Император Наполеон - Николай Алексеевич Троицкий
Разгром армии Гогенлоэ под Йеной был страшным. Пруссаки потеряли 27 тыс. человек (в том числе 15 тыс. пленных) и все свои 120 орудий, тогда как потери французов не превышали 5 тыс. (из них 3 тыс. ранеными и меньше 2 тыс. убитыми)[250]. Деморализованные остатки своего воинства Гогенлоэ повёл на север, к Пренцлау, где его ждала скорая (спустя две недели) капитуляция. А пока к беглецам из-под Йены вечером и ночью с 14 на 15 октября стали присоединяться столь же панически расстроенные беглецы из-под Ауэрштедта с известием о разгроме войск герцога Брауншвейгского в присутствии самого короля Фридриха Вильгельма III.
В те же часы, когда Наполеон громил под Йеной 2-ю армию князя Гогенлоэ, маршал Даву во главе своего корпуса (27 тыс. человек и 44 орудия) принял на себя под Ауэрштедтом удар 1-й, главной, прусской армии герцога Брауншвейгского численностью (по разным данным) от 50 до 60 тыс. человек с артиллерией из 230–250 орудий[251]. Где же был в часы этой битвы Бернадот, обязанный следовать со своим корпусом к Ауэрштедту «вместе с Даву»? Весь день 14 октября он блуждал между Йеной и Ауэрштедтом, вполне мог слышать канонаду и с того и с другого поля битвы, но остался в стороне от них, не сделав ни одного выстрела.
К Бернадоту мы ещё вернёмся. Посмотрим сначала, что и как сотворил под Ауэрштедтом Даву. Он, по-видимому, быстро понял, что остался один, без поддержки Бернадота, и что перед ним — превосходящие силы главной прусской армии (в подзорную трубу маршал мог определить войсковые штандарты противника и даже лицезреть особо пышную свиту герцога Брауншвейгского и самого короля). Даву не растерялся. Напротив, он вдохновил своих солдат зажигательным призывом: «Великий Фридрих говорил, что только «большие батальоны» решают исход сражения. Ерунда! Победу одерживают только самые упрямые и стойкие. Берите пример с вашего маршала, ребята!»[252]
Упрямство и стойкость, которые сам Даву и каждый из его «ребят» проявили под Ауэрштедтом, оказались невероятными. Они отразили мощную атаку 25 эскадронов кавалерии лучшего из прусских генералов, будущего фельдмаршала Г.Л. Блюхера; затем, стоя как скала, отбили шквал атак прусской пехоты, не дрогнули под массированным артиллерийским огнём противника, а когда натиск пруссаков ослабел, перешли в контратаку. Герцог Брауншвейгский (между прочим, «тесть наследника британского престола»[253]), который, по мнению Наполеона, «великолепно умел поставить армию в затруднительное положение, но не был в состоянии вывести её оттуда»[254], под Ауэрштедтом даже не успел проявить ни лучших, ни худших своих качеств. Он был смертельно ранен в начале сражения (картечью в лицо), что лишь усугубило расстройство боевых порядков его армии. Она бежала с поля битвы одновременно с бегством армии Гогенлоэ из-под Йены и в таком же хаотическом беспорядке.

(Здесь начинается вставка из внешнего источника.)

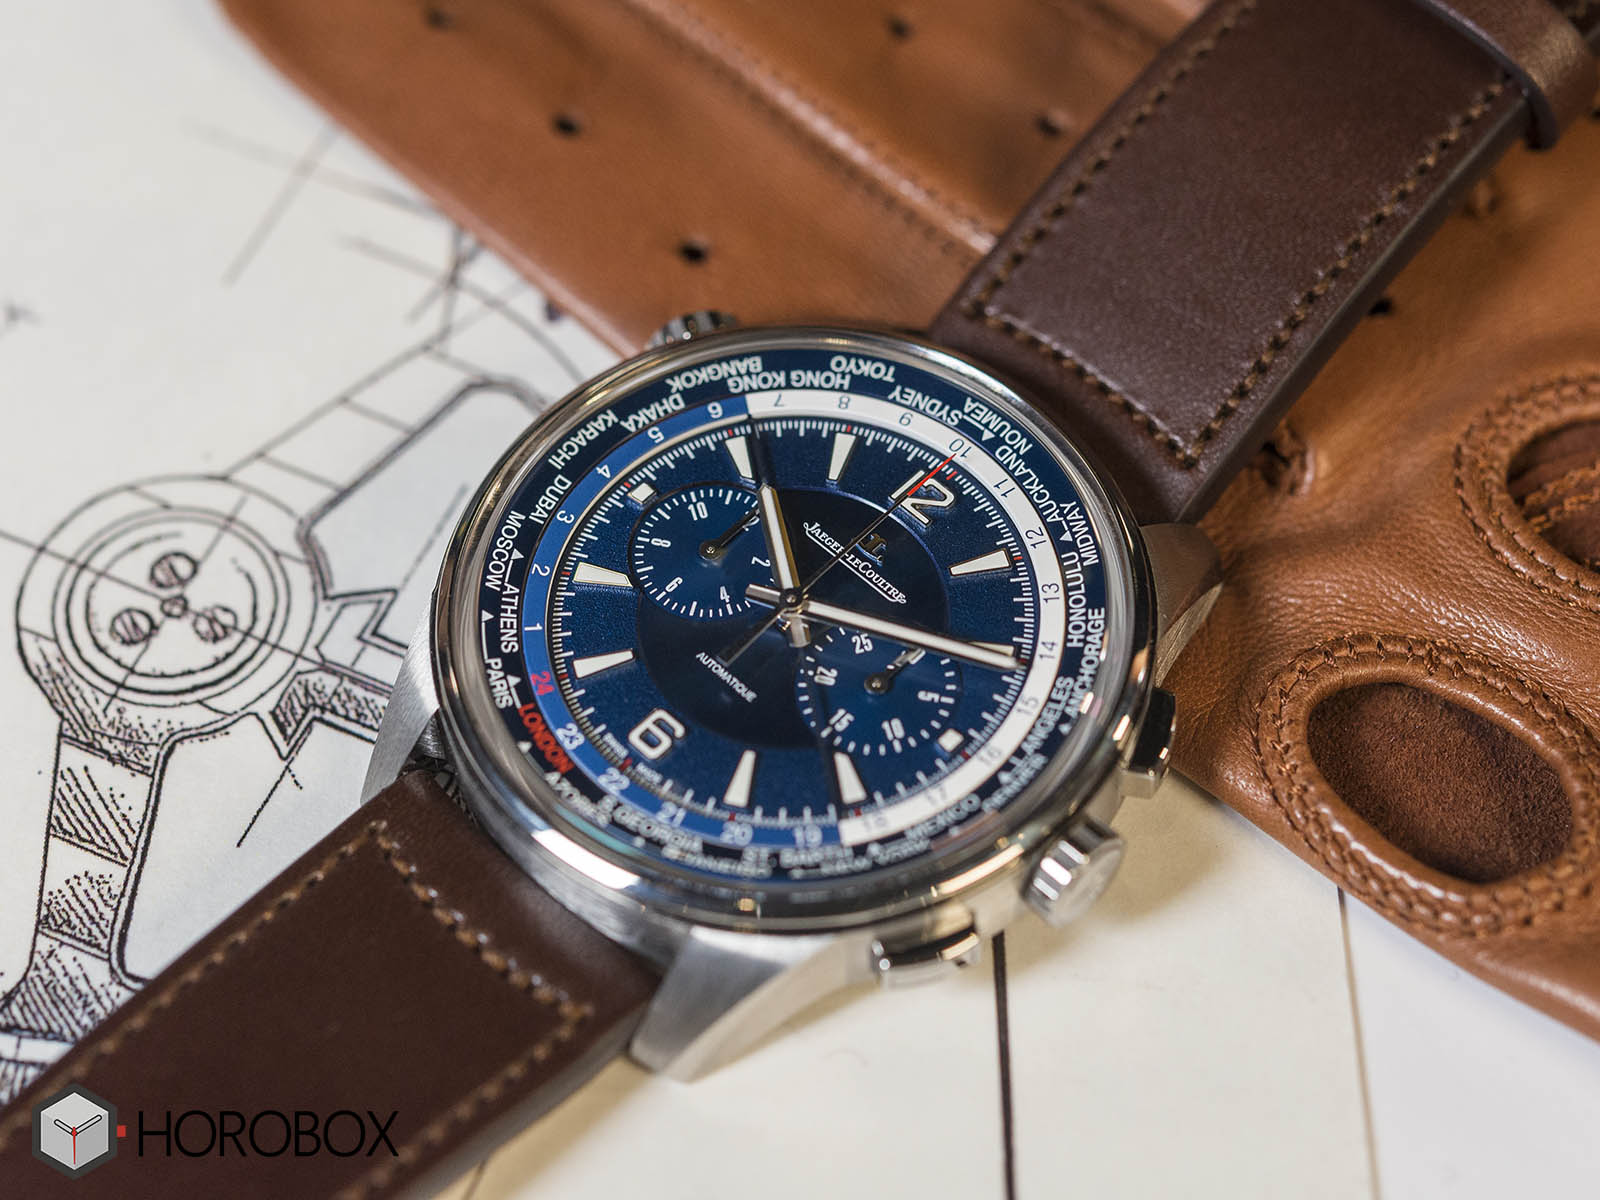 905T480-Jaeger-LeCoultre-polaris-kronograf-dünya zamanlayıcı-2.jpg

По данным разных источников, пруссаки потеряли под Ауэрштедтом от 13 до 18 тыс. человек, убитыми, ранеными и пленными (в плен был взят и 82-летний фельдмаршал Р. Меллендорф), «помимо разбежавшихся и не вернувшихся в строй» (Н.А. Левицкий). Потери французов превысили 7 тыс. человек. Как видим, победа досталась французам немалой ценой, но это была блистательная победа — самая выдающаяся в полководческой карьере маршала Даву и, главное, одна из исторически значимых в наполеоновской эпопее.
Сам Наполеон на следующий же день после Ауэрштедта, 15 октября, объявил в бюллетене Великой армии, «который был зачитан во всех войсках и даже во всех лазаретах»[255]: «Корпус маршала Даву совершал чудеса <…>. Этот маршал проявил выдающуюся храбрость и твёрдость характера — главные качества воина»[256]. Император пожалует маршалу титул герцога Ауэрштедтского, тем самым увековечив его главный триумф.
Возвращаемся теперь к Бернадоту. Дэвид Чандлер так объяснил причину его странного «блуждания» 14 октября 1806 г. между Йеной и Ауэрштедтом: «Причина была или в полной некомпетентности и отсутствии оперативного мышления у Бернадота, или, что более вероятно, в его чисто профессиональной ревности»[257]. Думается, инкриминировать Бернадоту как военачальнику некомпетентность и недомыслие несправедливо, но его «профессиональная ревность» (к Даву, к другим маршалам и к самому Наполеону) здесь проявилась не в первый и не в последний раз и, как подметил Чандлер, «едва не стоила Бернадоту головы»[258]. Великая армия — от императора до рядовых солдат — восприняла поведение Бернадота именно как военное преступление. «Армия ожидала, что Бернадота сурово накажут», — вспоминал барон М. де Марбо[259]. Император действительно подписал было приказ отдать Бернадота под суд военного трибунала, но спохватился (подумал и о жене маршала Дезире Клари, бывшей когда-то его, Наполеона, невестой, и о том, что сестра жены Бернадота замужем за братом Наполеона Жозефом) и собственный приказ порвал. О своём отношении к этому «делу» Бернадота Наполеон откровенно рассказал тогда генерал-адъютанту и министру полиции Р. Савари: «Это дело настолько возмутительно, что, если я отправлю его в трибунал, это будет равнозначно моему приказу о расстреле; для меня лучше не говорить с ним об этом, но я постараюсь, чтобы он знал, каковы мои мысли о его поведении. Я думаю, что у него есть понятие чести, чтобы осознать, какой позорный поступок он совершил»[260].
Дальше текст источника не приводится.